The present study has assessed the mapping functions for two different EQ-5D-5L value sets against MacNew scale. Clearly, different EQ-5D-5L value sets produce different utility scores, especially at the lower end. For instance, the observed scale in the current dataset is 1.185 (i.e., − 0.185 to 1) for the English value set, and 1.447 (i.e., − 0.447 to1) for the US value set. Therefore, the country-specific mapping function could be a better option to reflect the preference from a particular country. Considering the scale differences between the two countries’ value sets, the scale adjusted RMSE and MAE are also reported. The results are quite similar for the two countries, though the English value set has shown slightly better predictive ability in terms of both NRMSE and NMAE (Table 4). In contrast, the US value set slightly outperformed in terms of both CCC and r2. Such differences are expected, because of cultural as well as methodological variations. Although both value sets followed EQ-VT approach, the English value set is a hybrid-based that combines composite time-trade-off (cTTO) and discrete choice experiment (DCE), and the US value set is cTTO-based.

This study has a number of strengths. First, several mapping functions have been investigated, among which the OIB outperformed the rest. The OIB model has the ability to predict within the given range and allows a non-linear relationship between the dependent and predictor variables. Secondly, the predicted-r2 helps identify where the model provides a good fit for the existing data; more importantly, it also indicates how a regression model predicts responses for the new dataset [40]. Another key advantage of predicted r2 is its ability to prevent overfitting of a model. The wider the gap between conventional r2 and predicted-r2, the stronger is the problem of overfitting. In this study, the discrepancy between the predicted-r2 and the conventional r2 is trivial, indicating a good model fit. Thus, future mapping studies are encouraged to report predicted-r2 in cross-validation of the predictive accuracy of models. Thirdly, the application of linear equating minimizes mapping bias due to regression to the mean, which is a novel approach to align two measures on the same scale. Because the objective of this study was to map MacNew domain scales to the equivalent EQ-5D-5L value sets, predicted EQ-5D-5L value sets from each regression model were transformed linearly to have the same mean and standard deviation as the observed EQ-5D-5L value sets. Therefore, linking methods provide accurate prediction, particularly at the group level, which is the case in most economic evaluations that apply QALYs. Such linking produces the preference-based value sets that are equivalent to the condition- or disease-specific scores by aligning the score distributions of the two on similar scales [12]. In vein with other studies [13, 14, 29], the estimated EQ-5D-5L scores should be used only for group-level (not for the individual level) analysis.

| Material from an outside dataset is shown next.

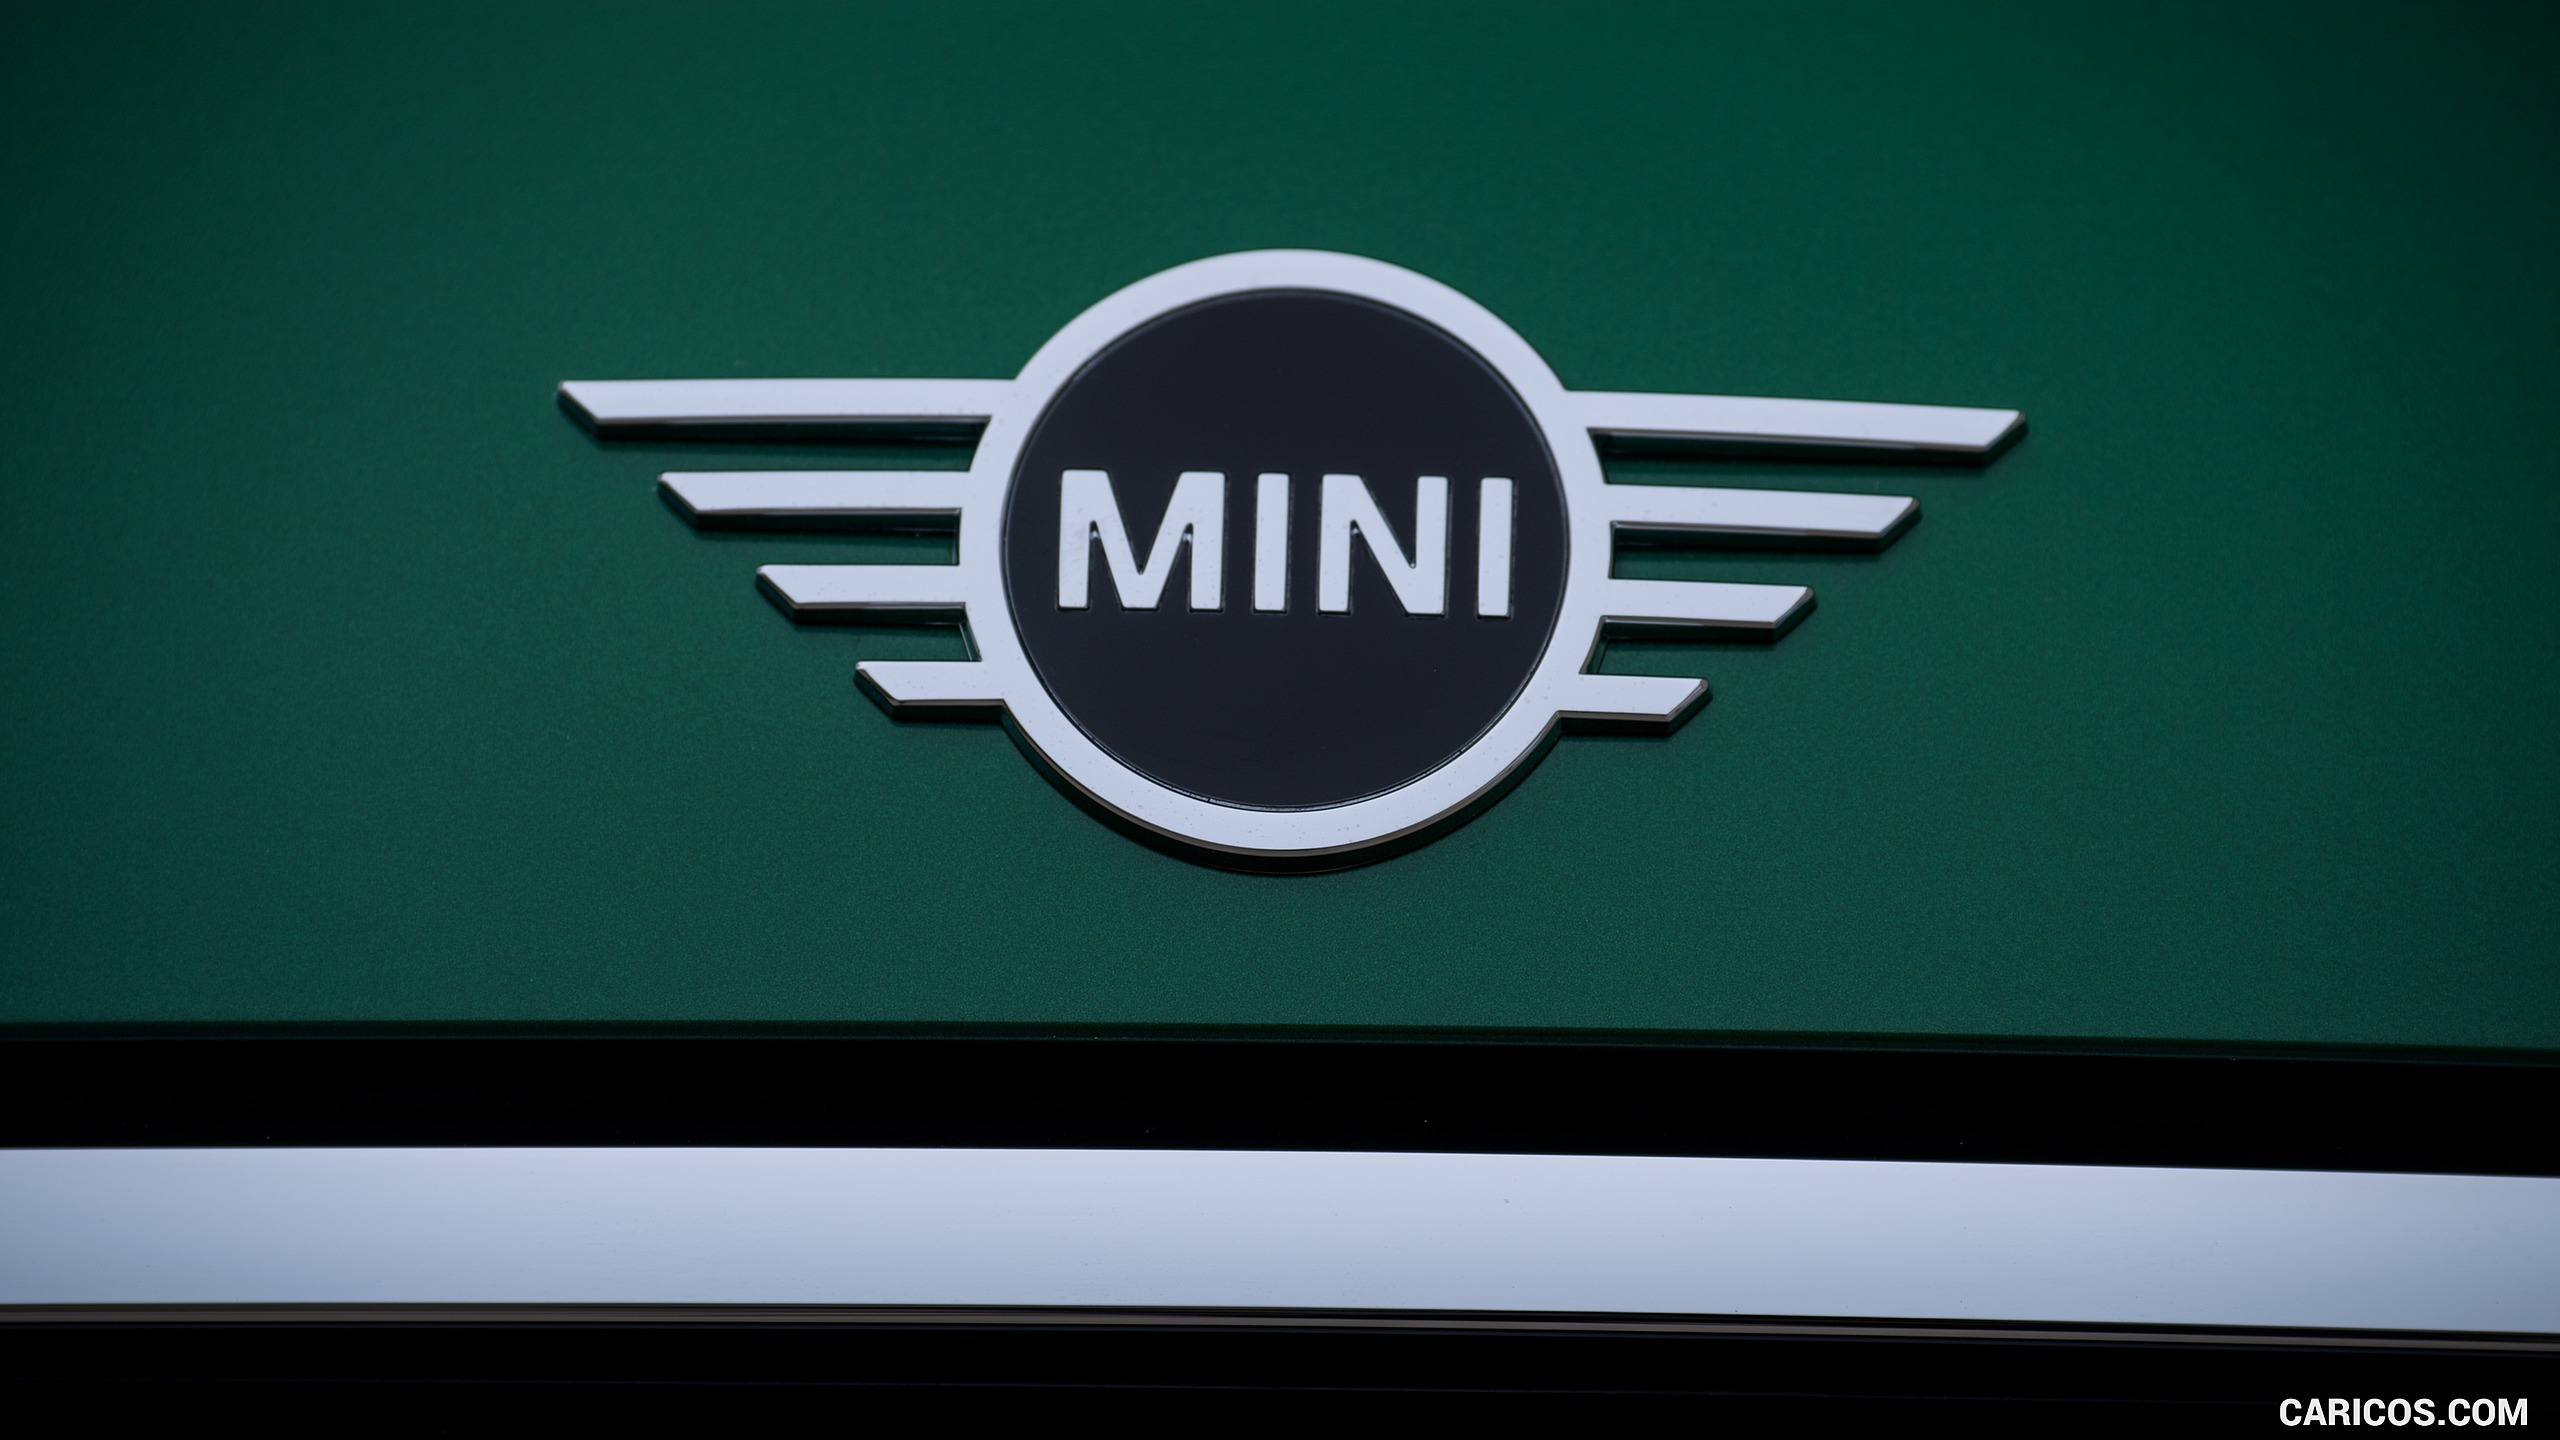 2019 MINI Cooper 3-Door 60 Years Edition - Badge, #58 of 102
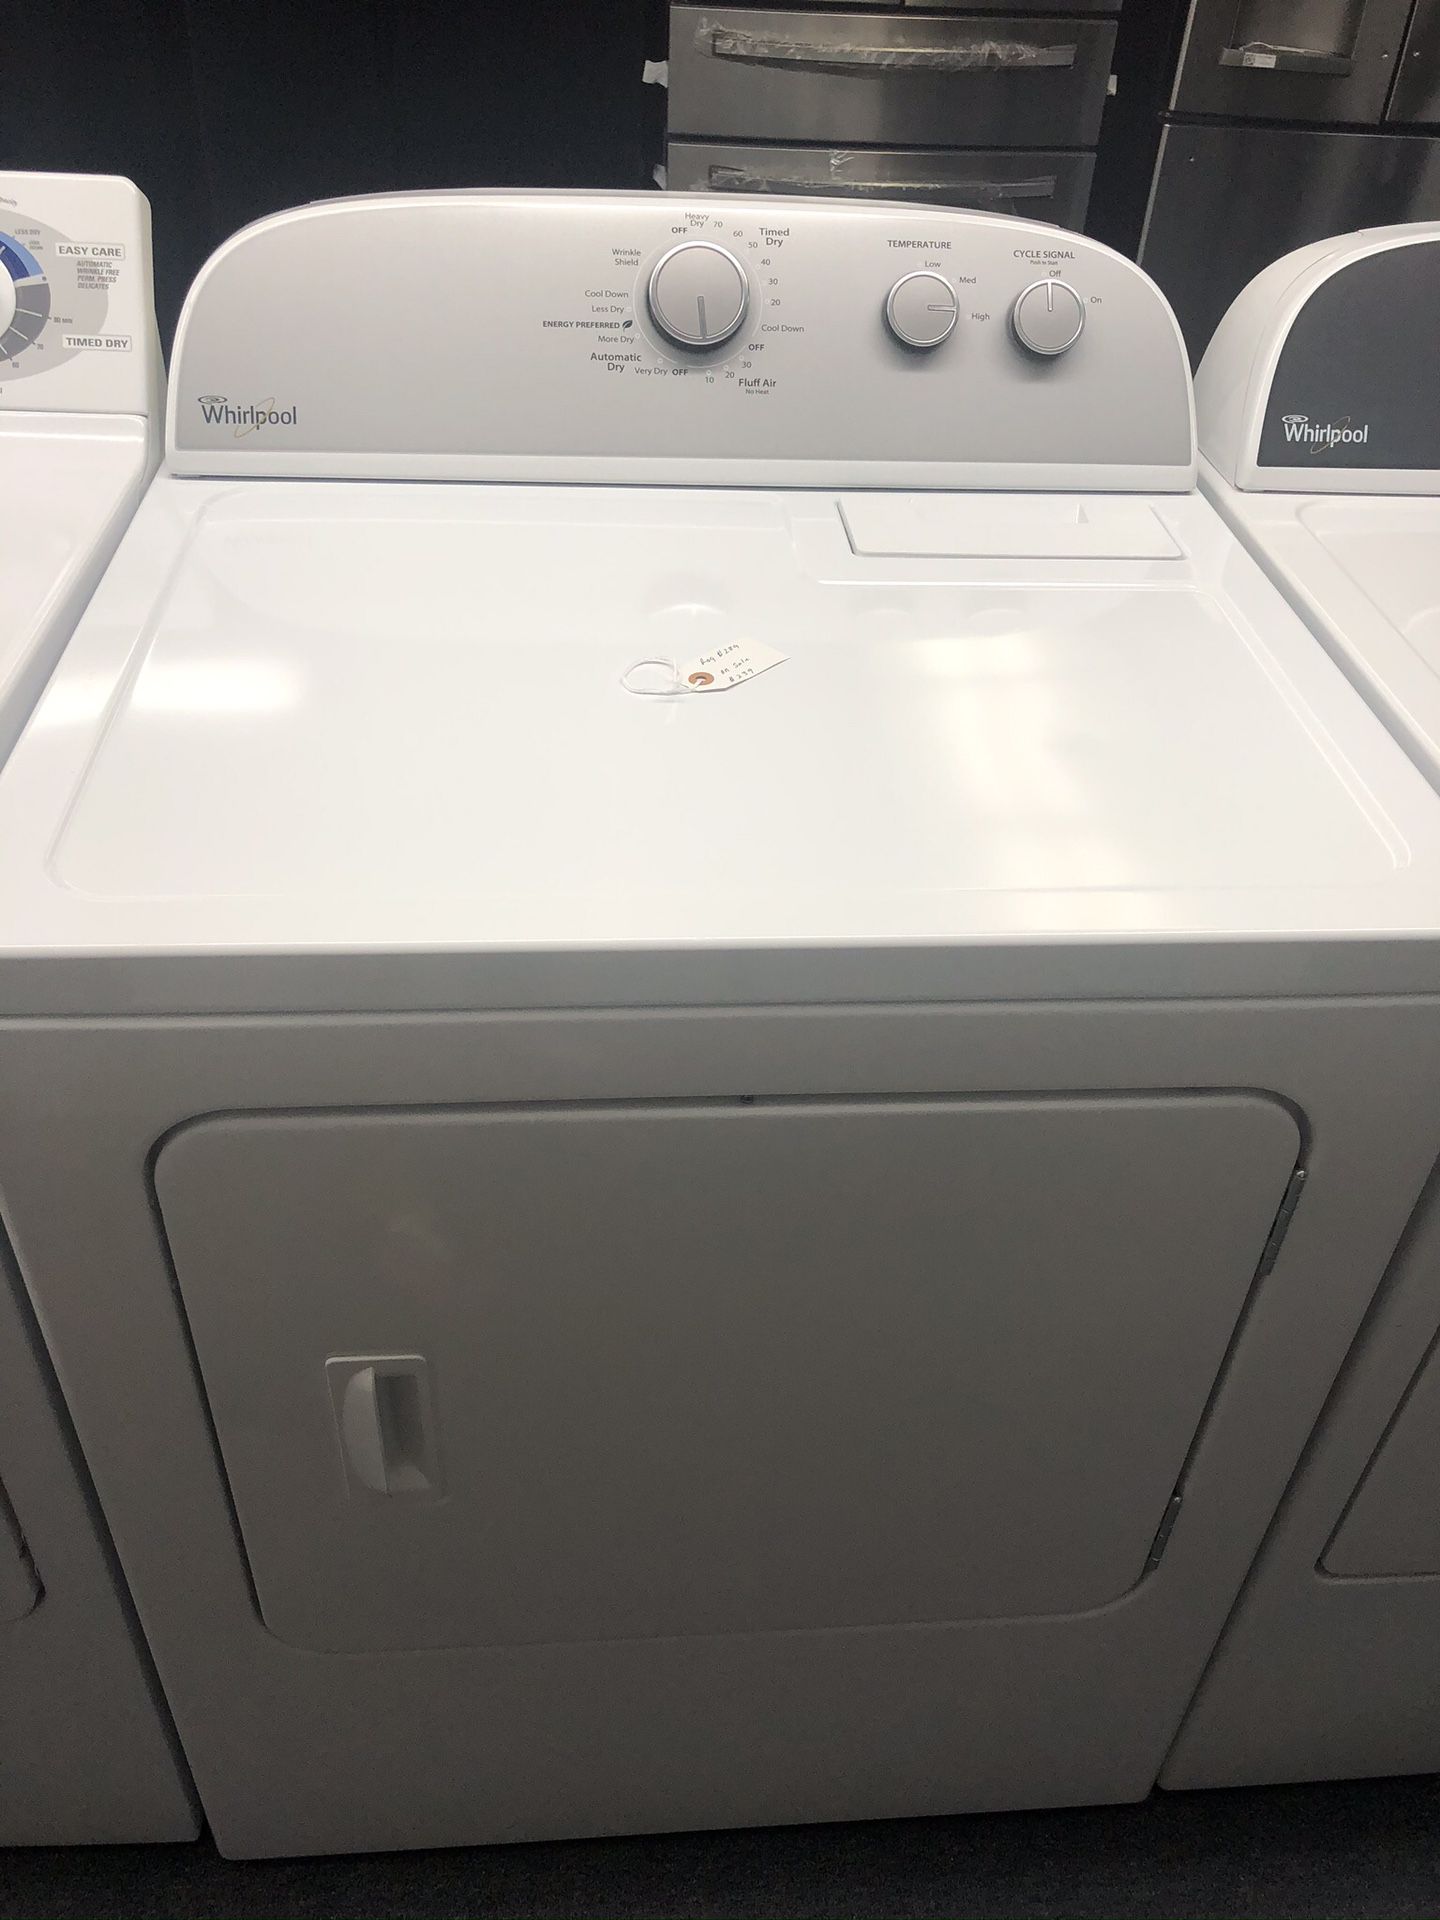 Used whirlpool dryer. 1 year warranty

With regard to study limitations, self-selection bias might have occurred, as respondents were volunteered to participate in the online survey. As generalizability is a major issue for mapping studies, the proposed mapping function should be tested on how the model performs in different CHD patient populations.

In conclusion, this study has developed a set of mapping algorithms to predict EQ-5D-5L value sets from the MacNew domain scales. Thus, in the absence of generic preference-based value sets, the preferred mapping model can adequately convert disease-specific scores onto a generic outcome metric like QALYs, which facilitates economic evaluations of CHD health interventions. The linear equating model may provide more accurate estimates of EQ-5D-5L utility values.